Sunday, October 28, 2012

notes from an expedition

Journal excerpts. (Some disorganized rambling.)

Milford Sound, NZ

Sitting in a cafe (the only establishment in "town") in Milford Sound with Eric and Amy. Milford Sound might be the most amazing thing I've ever seen. It's like Cape Breton, except instead of the forested headlands, it's towering snow-capped mountains with rainforests clinging to their lower halves and clouds ringing their summits. And then, of course, there's the sea. It's dead calm. There are fjords like I've always wanted to go to in Norway. There are waterfalls coming off of every cliff face, everywhere. Moss grows on everything. Everything, everywhere, is wet and green and bursting with life from every crevice.

We took a boat trip around the fjord, and it was completely spectacular. The boat took us right up to waterfalls so that we could look up at their height and be sprayed by their mist. The coolness on my face was a blessing. One fall had rainbows reflecting through it and off the seawater, and we were surrounded by glowing, rainbow-coloured mist. Dense rainforests grew miraculously out of cliffs with no topsoil, just moss. We saw huge swaths of bare cliffs where "tree avalanches" had scraped the rockface clean.

And then there were penguins. Yellow-crested penguins, hopping about on the rocks. They were surprisingly small. There were fur seals, too, warming up on the rocks. They looked smaller and more refined than seals I've seen in Canada. One was sleeping curled in a circle like my dog does when she's especially exhausted. He must have had a hard swim.

Our world is such a wonder. It is so full of so many spectacular things. It's up to us to just enjoy them. To meet people, be changed by them, share experiences with them, love them and let them love us back.

I wish I could make my brain remember everything.

Wanaka, NZ

After much discussion and drama, I've sent Amy and Eric off to do a gruelling 18km, 1300m elevation gain hike. I didn't really want to go. I'm so stiff from our foggy march up to Key Summit near Milford Sound the other day. I just couldn't imagine forcing my limbs up a mountainside today. It's eighteen kilometres one way.

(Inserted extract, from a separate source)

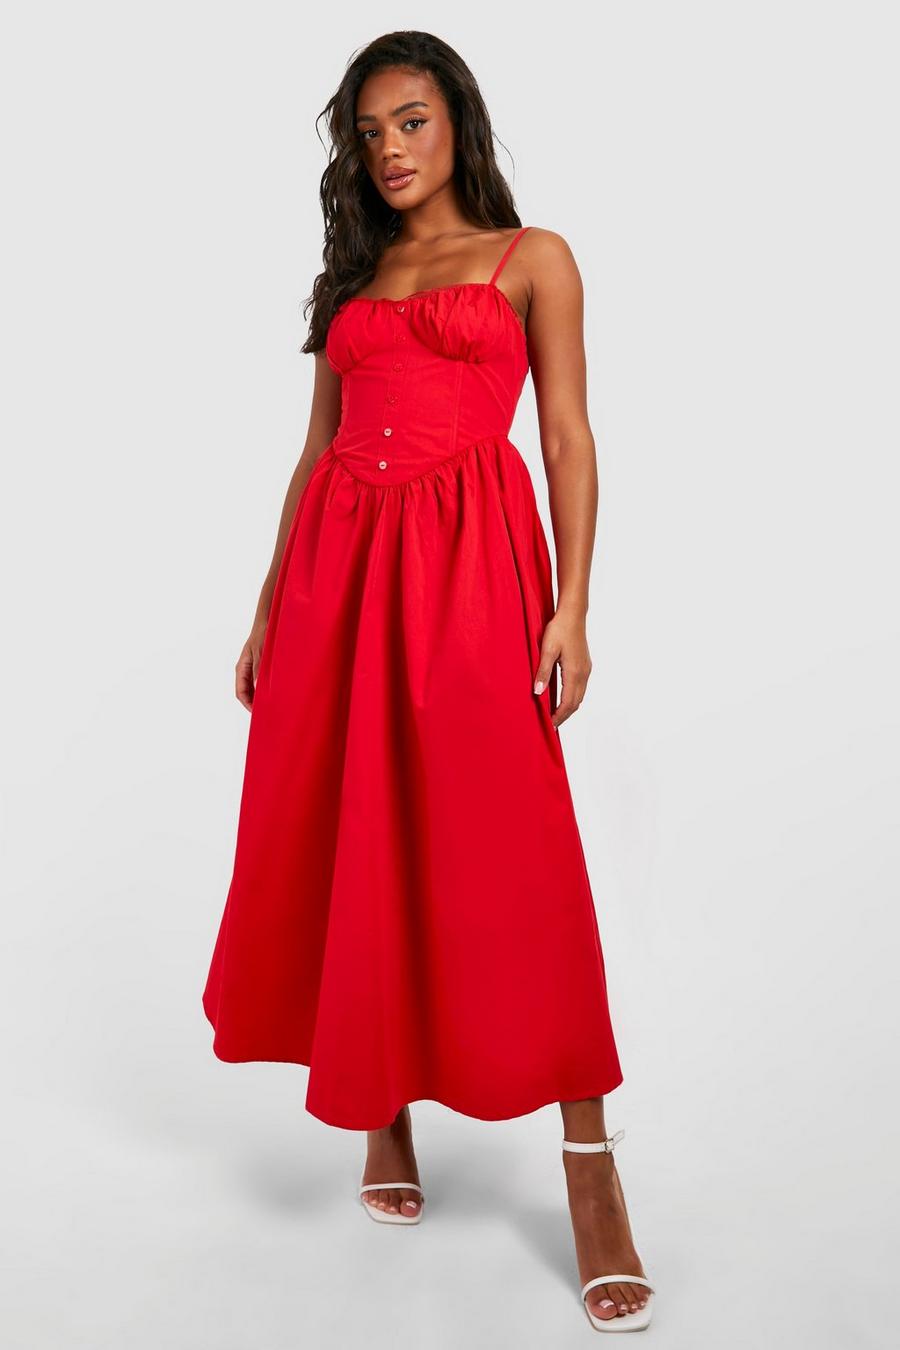 Red Engagement Party Dresses

So now I'm sitting on a park bench at the beach, looking out at Lake Wanaka and the snow-capped mountains beyond. After I finish my coffee, I'm going to wander around town for a while. There's something easy and relaxing about wandering aimlessly with no one waiting for you or wishing they could be doing something else. There's something gratifying about pleasing no one. Worrying about no one.

But only for a time, because happiness only really works properly when it's shared. It might be the main reason we're all still here, on earth, slogging it out side-by-side. Who cares if you have an amazing experience if you can never share it with another soul?

One last thing before I wander: a mother duck just wam by with a row of tiny ducklings. They look like they just hatched yesterday. She keeps turning around and quacking instructions to them, gathering up her tiny, chirping hatchlings and keeping them close by. It is so lovely to be in a place where it's springtime. Just last week, fall was giving way to winter, once and for all, and I wasn't ready to release the fairer seasons yet. I'm never ready for the long settling-in of our coldest, bleakest months. And now I've been blessed enough to skip straight ahead to spring, just for a little while.

By the lakeside, I said a prayer of thanks to God for this precious gift.